Не успел Гранж вернуться назад, как на границе на несколько дней вновь была объявлена тревога: немцы наводняли Норвегию; на сей раз оттепель была действительно настоящей. По телефону, достигавшему теперь дома-форта, Гранжа часто вызывали в Мориарме. Сразу после полудня вдоль стен желтых строений потоками невидимых паров поднималась от тротуаров скороспелая жара; городок прел на дне своей долины, покрываясь прогорклой и прокисшей испариной. Мориарме с его жужжащими теперь канцеляриями, его скверными слухами становился ему невыносим — город, в котором назревает чума; немного свежего воздуха он снова вдыхал лишь на подъеме к Крыше, там, где дорогу внезапно поглощала тень деревьев. Добравшись до Эклатри, он оставлял ненадолго дорогу и подходил к краю утеса. Прежде чем вновь пуститься в путь, он присаживался на каменную скамью, уже залитую желтоватым светом. Посреди огромного лесного амфитеатра, наполненного свинцовой жарой, в рассеянном освещении аквариума был виден лишь притаившийся на самом дне долины городок, укутанный в тепло своих сероватых камней, и Мёз, слабо шевелящийся в глубине зеленых сумерек, как карп на дне садка.
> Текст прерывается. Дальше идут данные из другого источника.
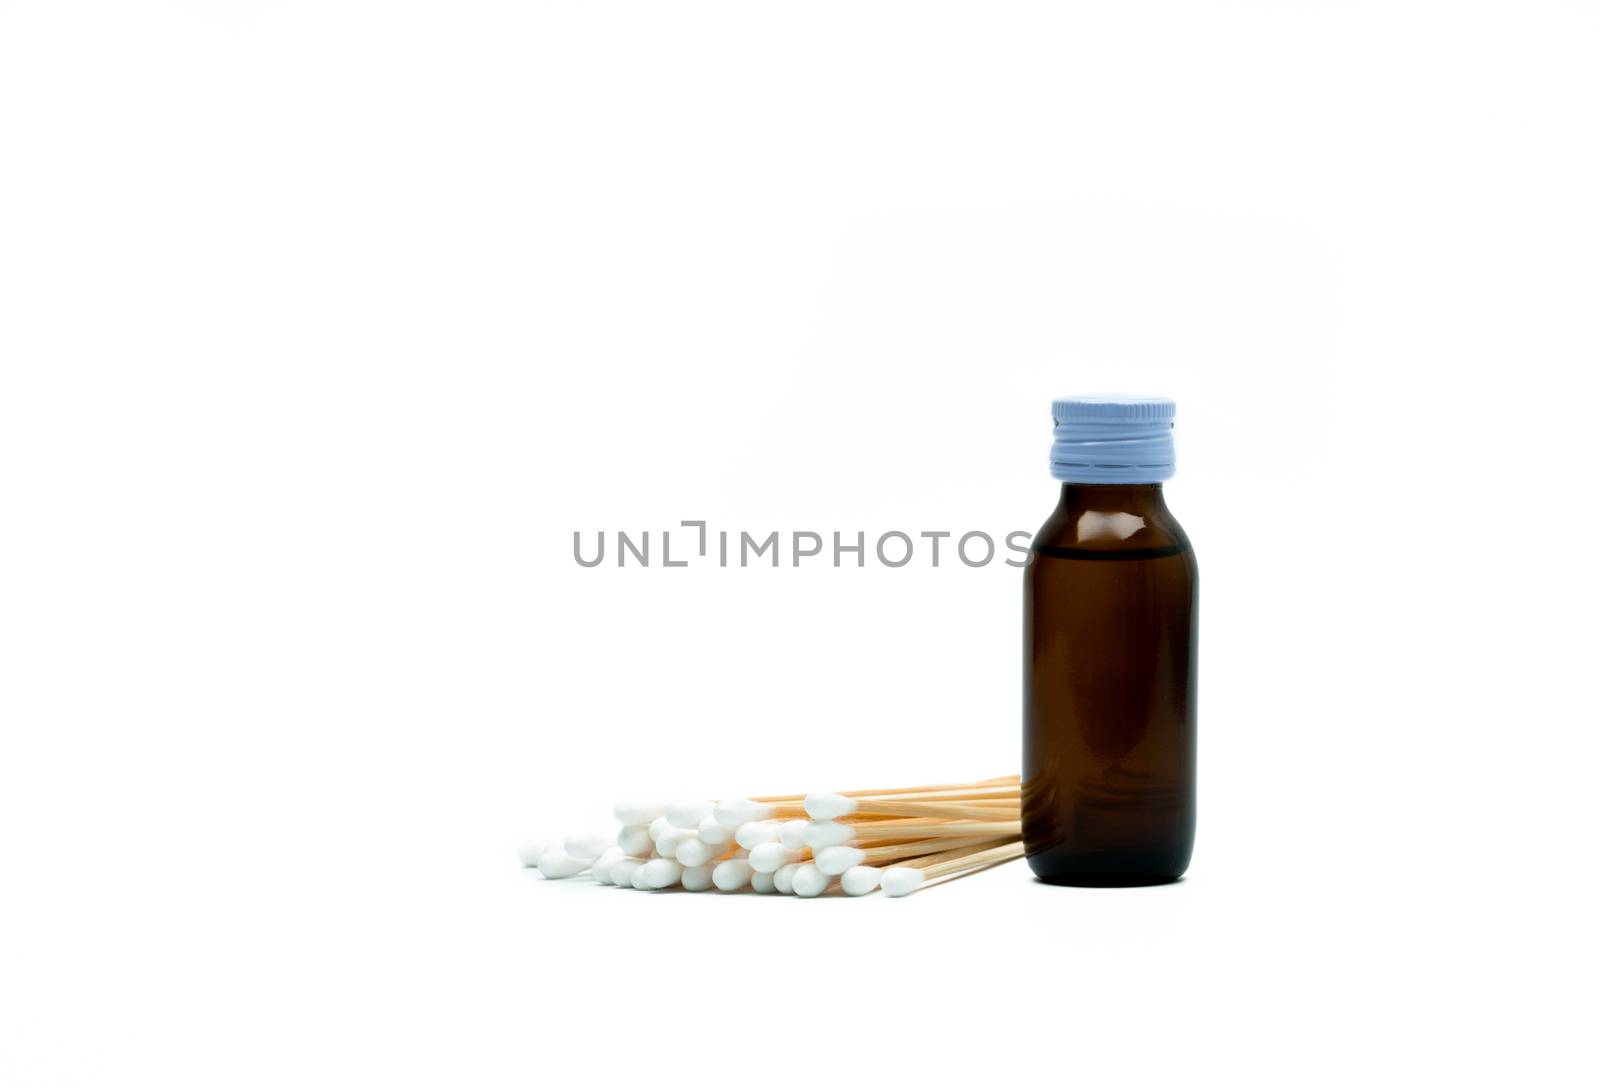 Cotton sticks and antiseptic solutions in amber glass bottle isolated on white background. Concept of Umbilical cord care for helps prevent infection. Infant's umbilical cord cleaning care equipment.

«Чего мы здесь дожидаемся?» — говорил он себе, ощущая во рту все тот же хорошо знакомый ему привкус пресной, тепловатой, тошнотворной воды. Мир начинал вдруг казаться ему необъяснимо чуждым, безразличным, отделенным от него милями. Все, что было у него перед глазами, как бы разжижалось, тускнело, коварно уносилось в своем нетронутом еще обличье течением маслянисто-мутной реки и безнадежно, неистощимо уходило и уходило.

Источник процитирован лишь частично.